Attaching package: ‘cowplot’


The following object is masked from ‘package:lubridate’:

    stamp

Day 2 Learning Objectives

  • Compare different measures of central tendency and spread
  • Identify various types of sampling bias
  • Understand the difference between observation studies and experiments
  • Investigate the idea of sampling and the relationship between sample size and variability

1. Measures of Central Tendency and Variability

3 ways to describe the distribution of a quantitative variable:

  • Shape
  • Center
  • Spread

We can assess the distribution of data by looking at graphs as well as by numerical calculations (descriptive statistics).

1.1 Shape

To assess the shape of a distribution, we can consider the modality (number of peaks), symmetry (symmetric vs. skewed) and outliers.

Modality

set.seed(2000) # Setting the seed allows us to get reproducible results

# Generate data
data_tibble <- tibble(var1=rnorm(1500,0,1),var2=c(rnorm(750,-5,2), rnorm(750,5,2)),
                      var3=c(rnorm(500,-5,2), rnorm(500,5,2),rnorm(500,15,2)),var4=runif(1500,0,10))
variable_names <- c("Unimodal Distribution", "Bimodal Distribution", "Multimodal Distribution", "Uniform Distribution")

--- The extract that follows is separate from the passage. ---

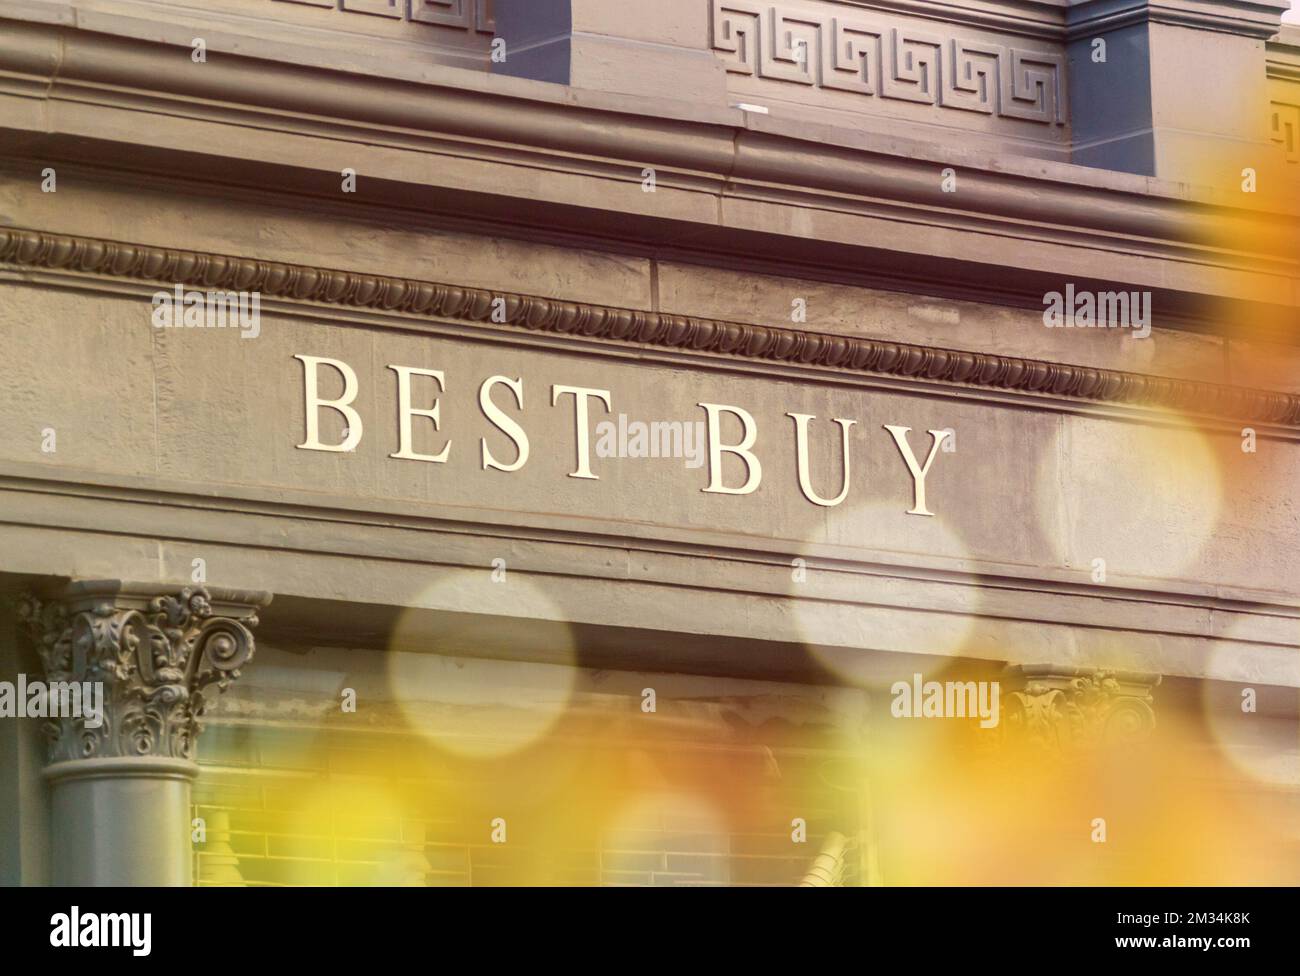 NEW YORK, USA - MAY 15, 2019: Best Buy store sign at the one of their locations Stock Photo

data_tibble <- data_tibble |>
  rename(setNames(names(data_tibble), variable_names))
options(repr.plot.width = 10, repr.plot.height = 8)

# Create histograms for each variable
plots <- lapply(variable_names, function(var_name) {
  ggplot(data_tibble, aes(x = .data[[var_name]])) +
    geom_histogram(binwidth = 0.75, fill = "cornflowerblue", color = "black") +
    labs(title = paste("Histogram of", var_name), x = var_name, y = "Count") +
    theme(text = element_text(size = 15))
})

# Arrange plots in a grid
plot_grid(plotlist = plots, ncol = 2)

Symmetry

Distributions can be symmetric or skewed (left-skewed or right-skewed).

set.seed(930) # Setting the seed allows us to get reproducible results

# Generate data
data_tibble <- tibble(var1=rnorm(1000,0,1),var2=rexp(1000,2),var3=-rexp(1000,2))
variable_names <- c("Symmetric Distribution", "Right-skewed Distribution", "Left-skewed Distribution")

data_tibble <- data_tibble |>
  rename(setNames(names(data_tibble), variable_names))
options(repr.plot.width = 10, repr.plot.height = 10)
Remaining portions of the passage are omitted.